Pinnacle Educational Research & Development

(ISSN: 2360-9494)

January 2014, Vol.2 (1).

© Author(s) 2014. This work is distributed under the Creative Commons Attribution 3.0 License.

Research Article


A focus on the future: Pathways for undergraduate student persistence at North Carolina public historically Black Colleges and Universities

Damon R. Wade

Office of Institutional Effectiveness, Research, and Assessment
Elizabeth City State University
1704 Weeksville Rd, Elizabeth City, NC 27909, U.S.A

Accepted 23 January, 2014; Available Online 26 January, 2014


Undergraduate withdrawal is a problem for public historically Black Colleges and Universities (HBCUs) in North Carolina. Research indicates that many factors contribute to this problem, including student personal characteristics, family background, and high school academic achievement. The purpose of this study was to learn whether student developmental courses, financial aid receipt, and parental socioeconomic status are predictive of undergraduate student withdrawal in public HBCUs in North Carolina.

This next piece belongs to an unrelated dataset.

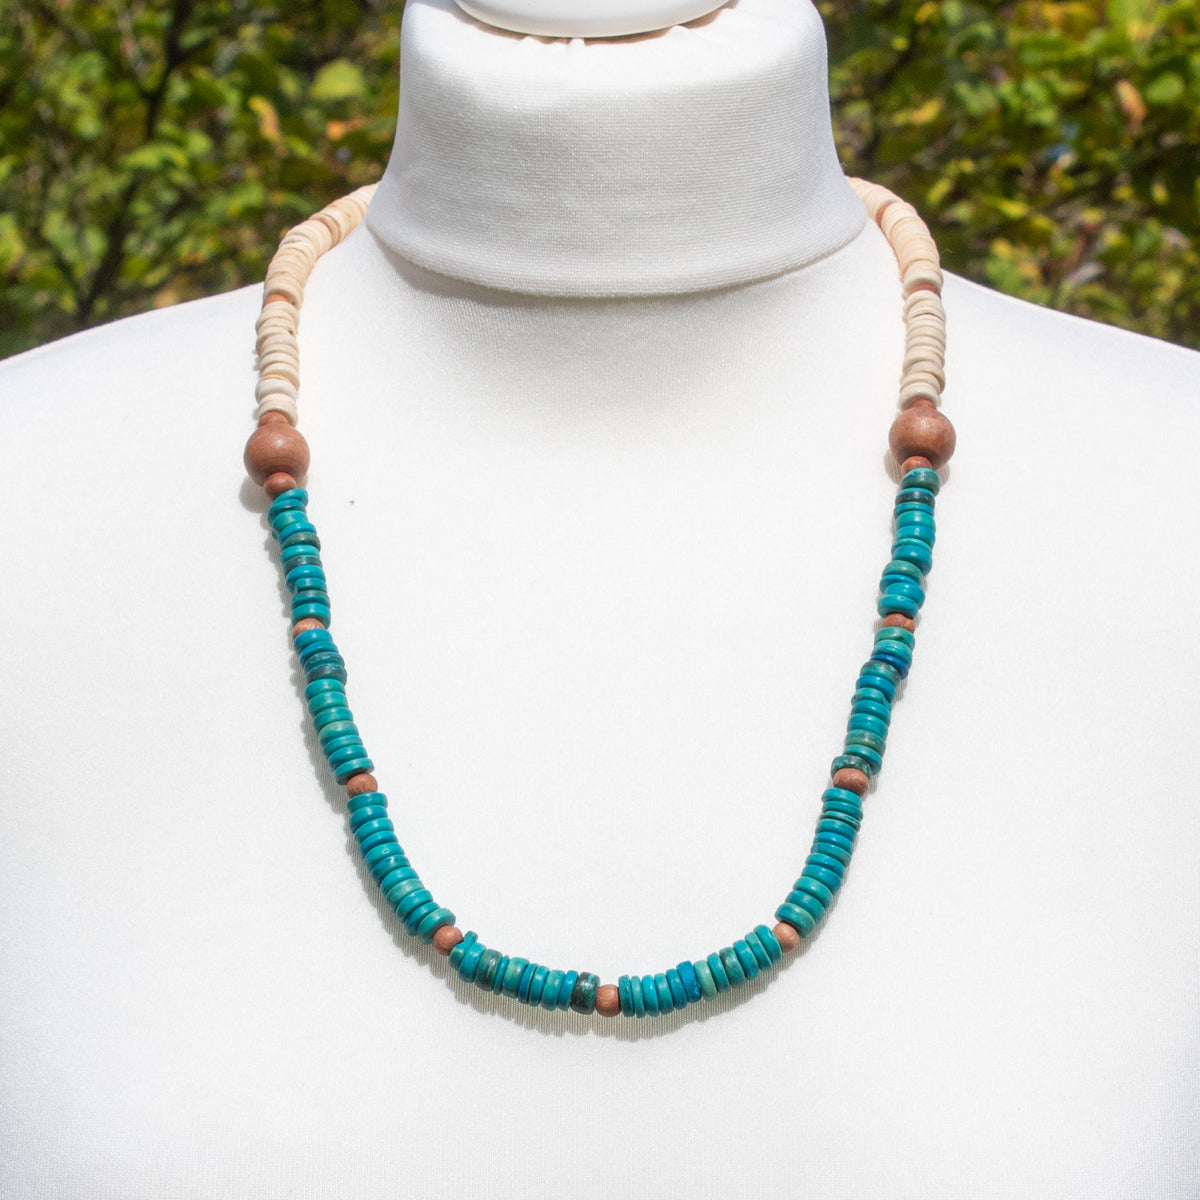 Cream &amp; Turquoise Wooden Bead Necklace | Necklace - The Naughty Shrew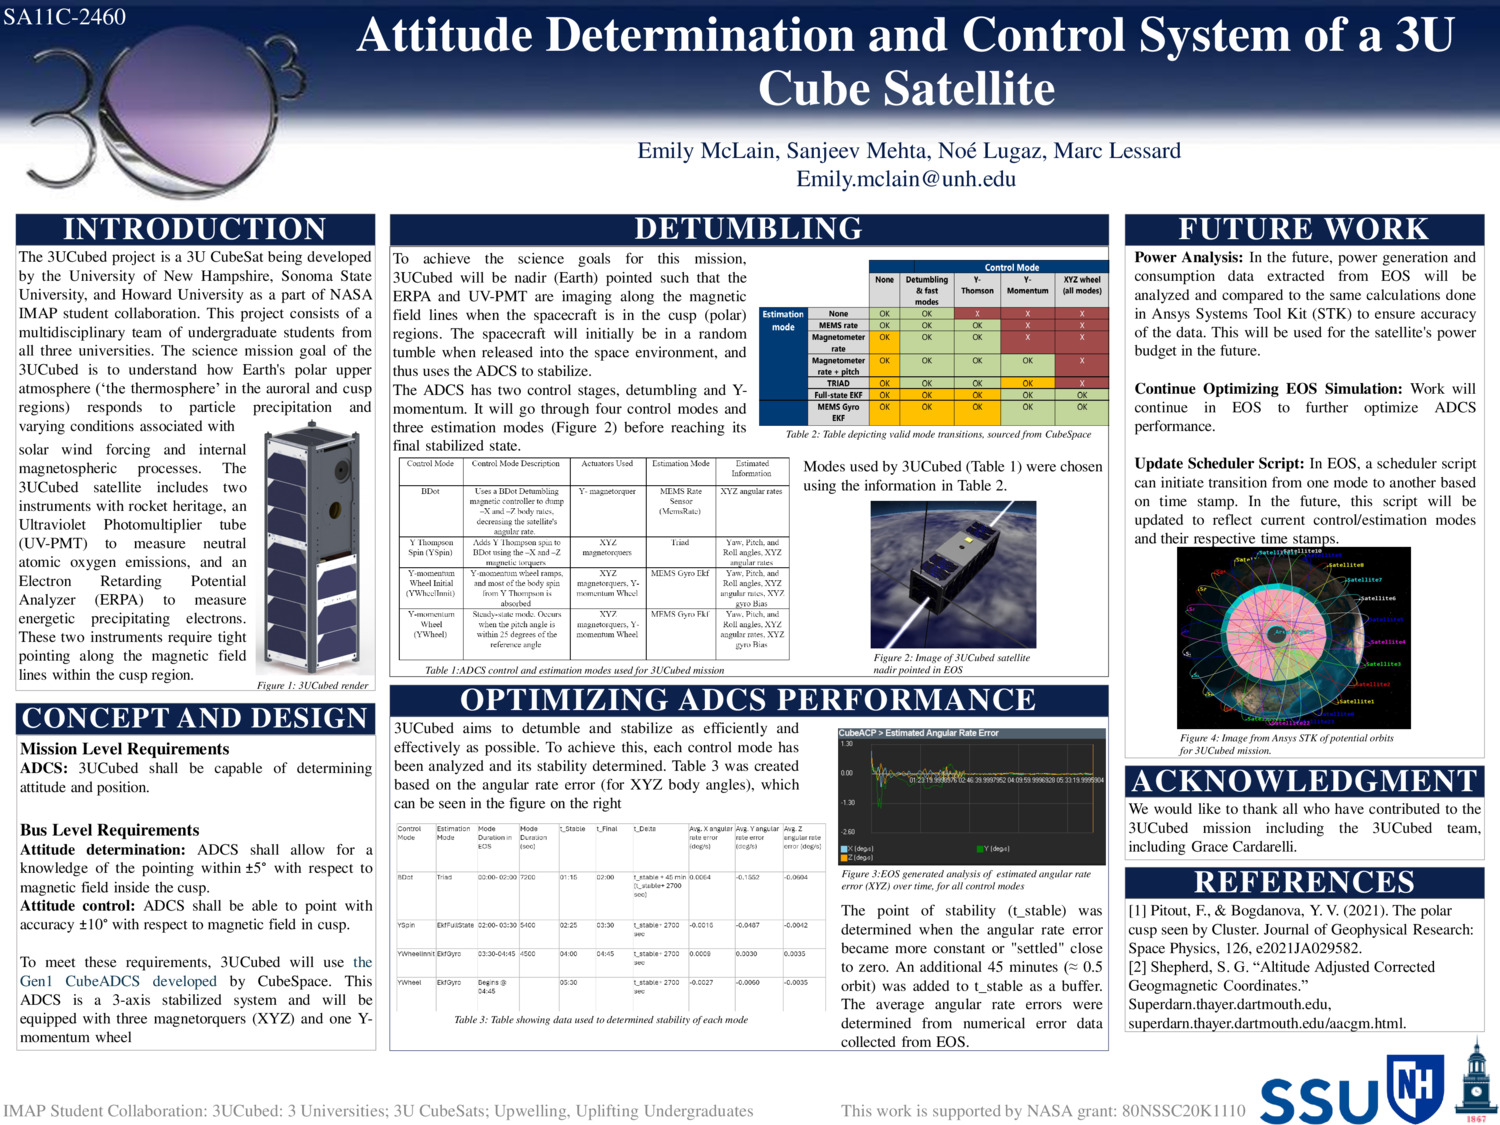 Attitude Determination And Control System Of A 3u Cube Satellite by emm1153

A sample of participants included first-time, first-year students who entered four public post-secondary institutions in North Carolina during the academic period from August 1999 to May 2005. Findings of the study suggest that a significant relationship exists between developmental math scores, a financial aid award, parental income of students, and undergraduate student withdrawal. Although the study utilized HBCUs in North Carolina, the students studied included ethnicities other than Blacks. While the study is exploratory, a number of policy implications and interventions are suggested.